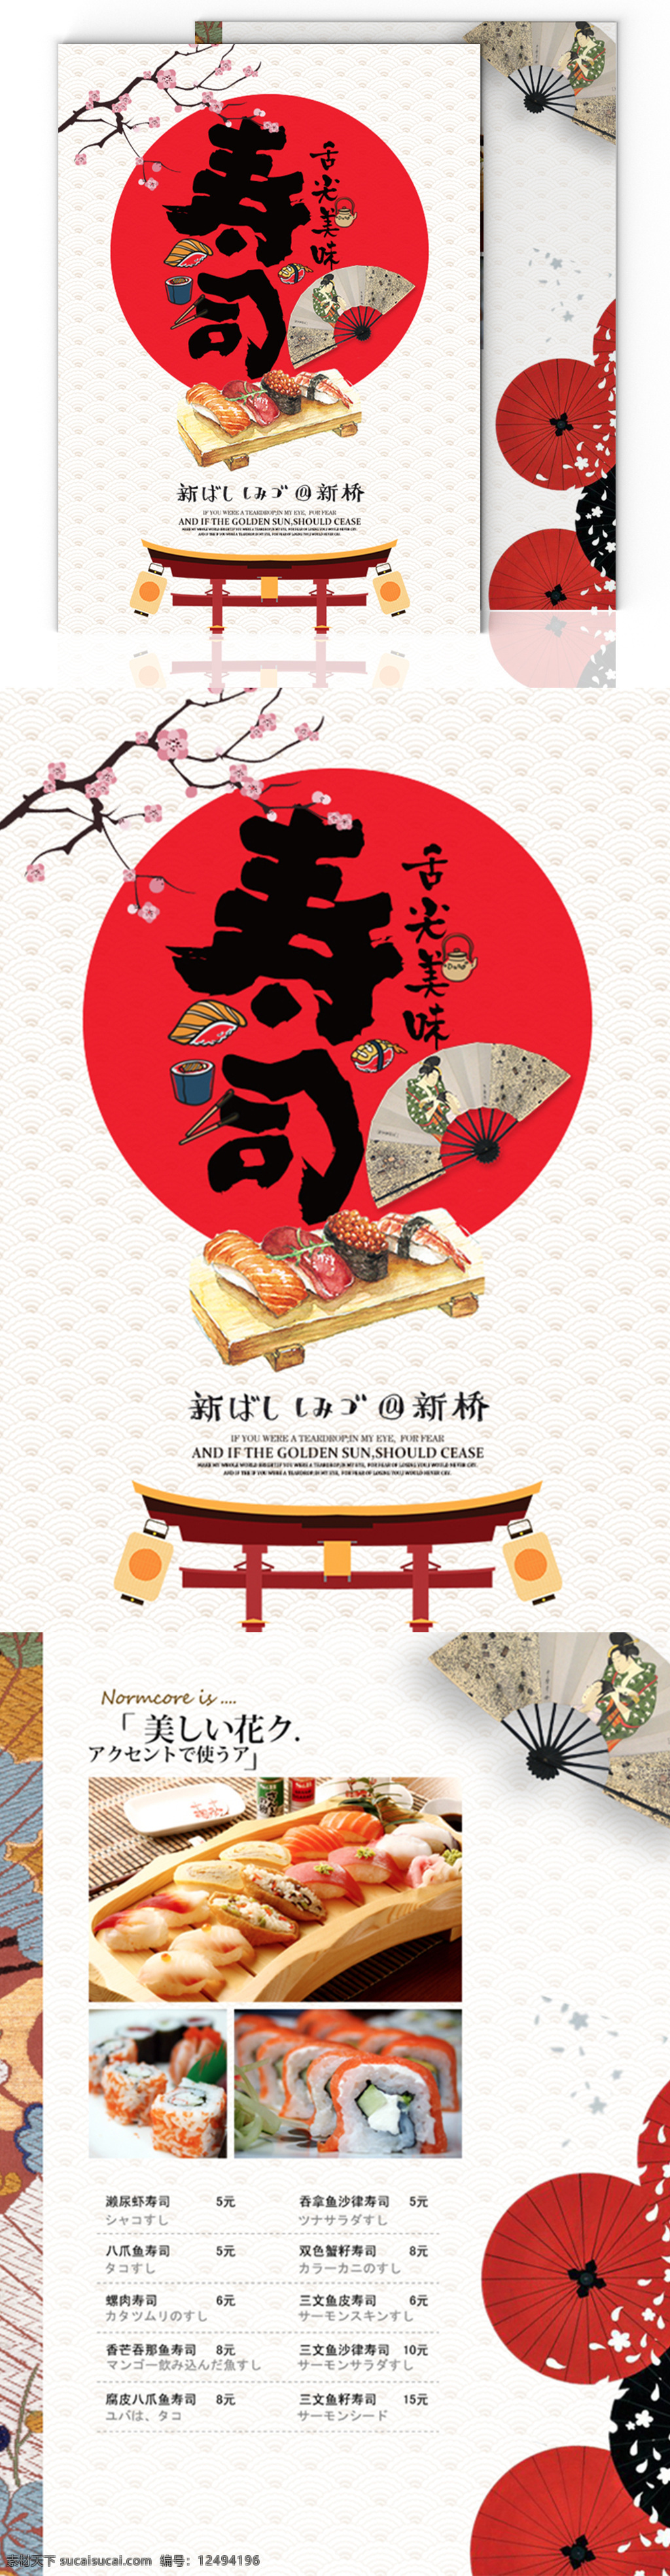 日式 风格 寿司 简约 美食菜谱 菜单 日本 和风 美食 简洁 菜谱
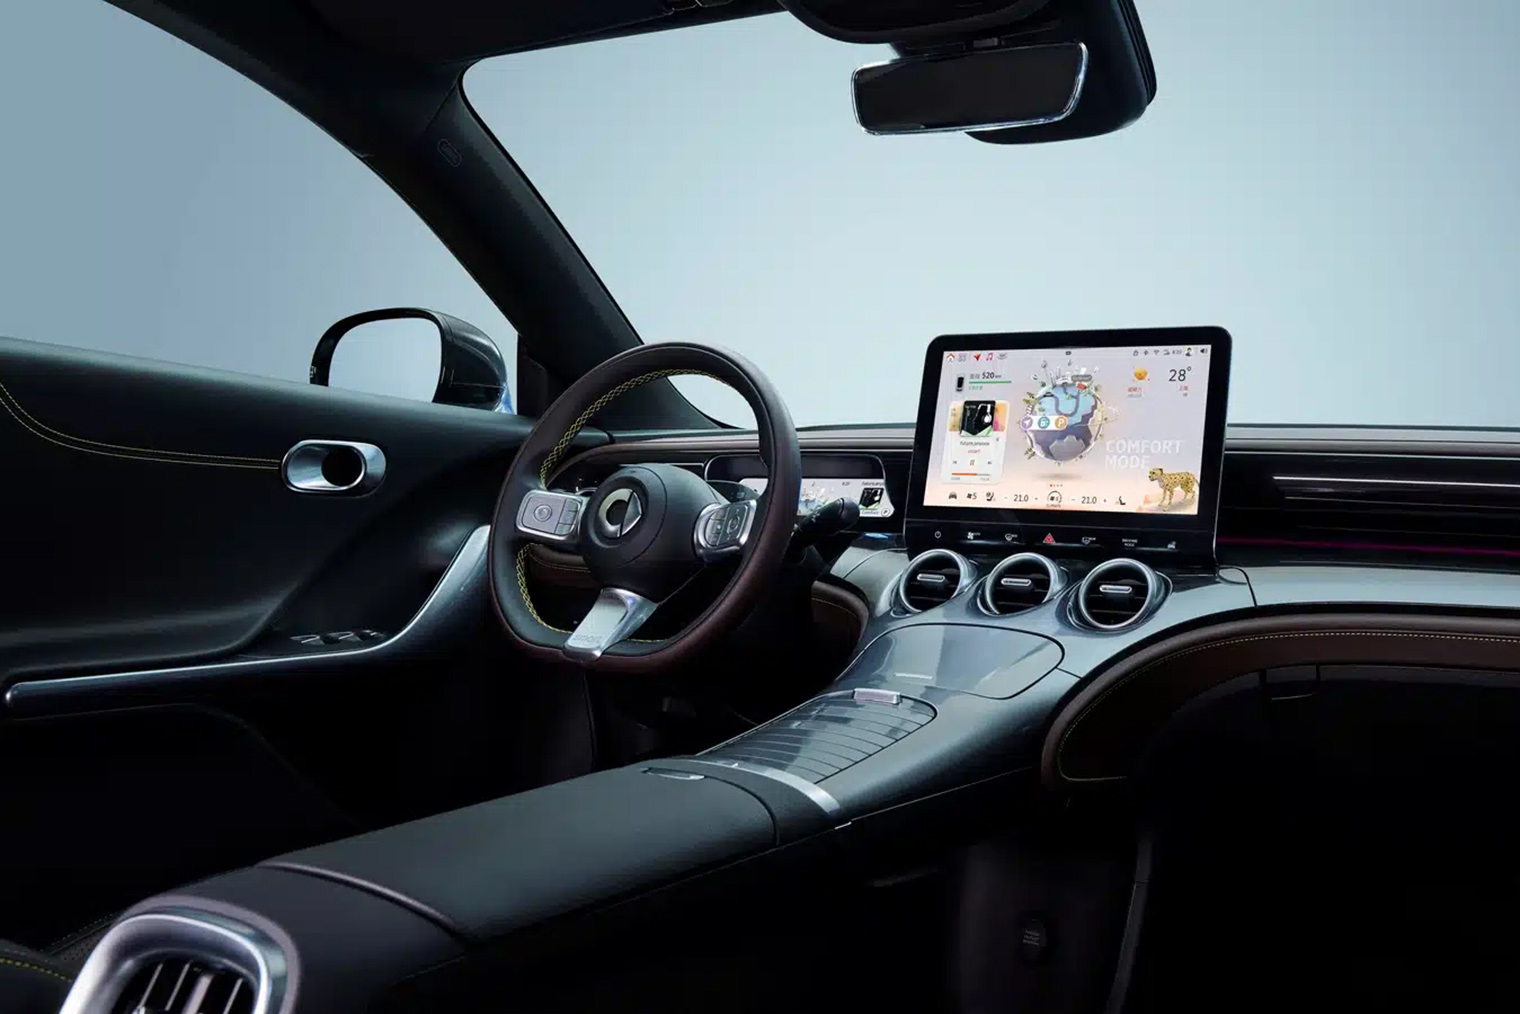 В интерьере новых Smart хорошо заметны черты Mercedes-Benz. Источник: actualidadmotor.com
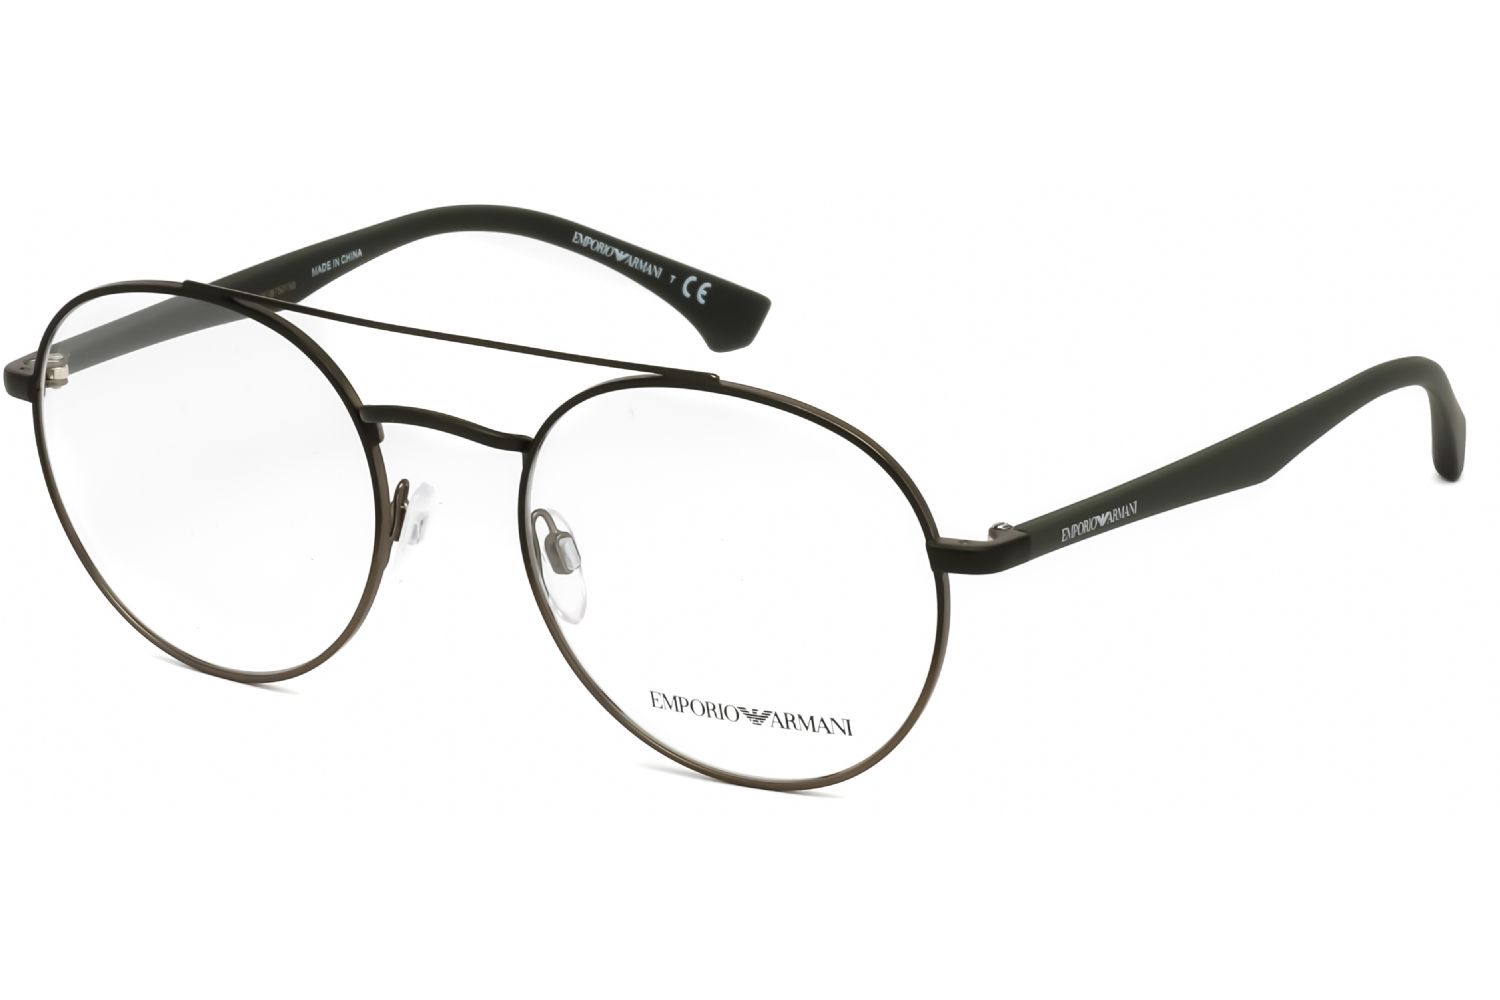 StyleName: Emporio Armani EA1107 Eyeglasses Matte Green/Gunmetal Brand: Emporio Armani Frame Style: Round Frame Material: metal Color : Matte Green/Gunmetal Men Eyeglasses
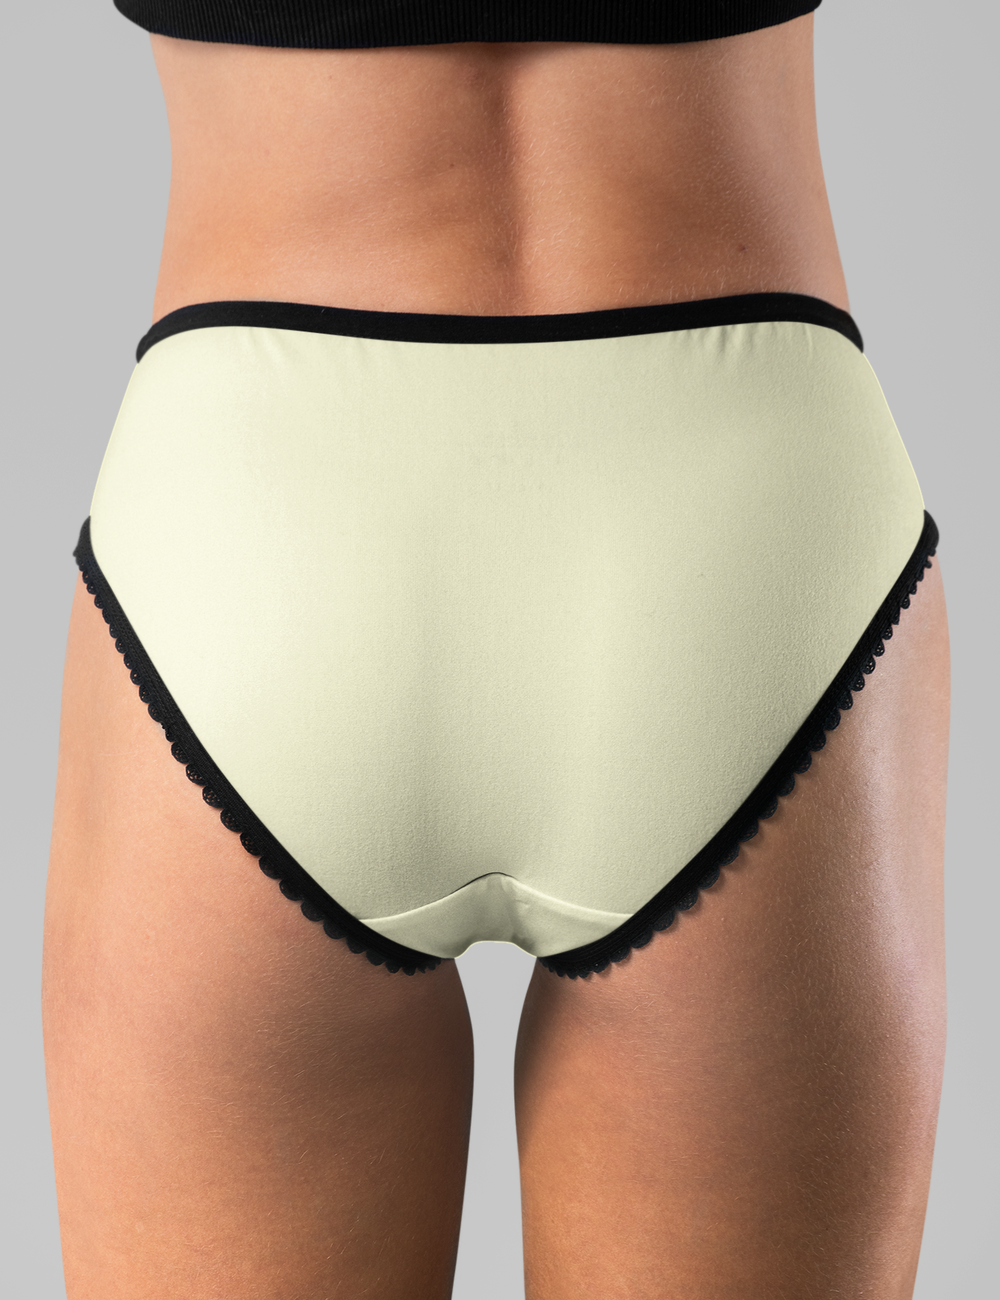 Le Crème Creamy Colored Women's Intimate Underwear Briefs - OniTakai

----

◆ WHAT THIS TASK INVOLVES
Take every line of the material and copy it exactly, leaving out the pictures.

◆ COMPLETED TASK
 日式 风格 寿司 简约 美食菜谱 菜单 日本 和风 美食 简洁 菜谱
 В интерьере новых Smart хорошо заметны черты Mercedes-Benz. Источник: actualidadmotor.com
 StyleName: Emporio Armani EA1107 Eyeglasses Matte Green/Gunmetal Brand: Emporio Armani Frame Style: Round Frame Material: metal Color : Matte Green/Gunmetal Men Eyeglasses
 Le Crème Creamy Colored Women's Intimate Underwear Briefs - OniTakai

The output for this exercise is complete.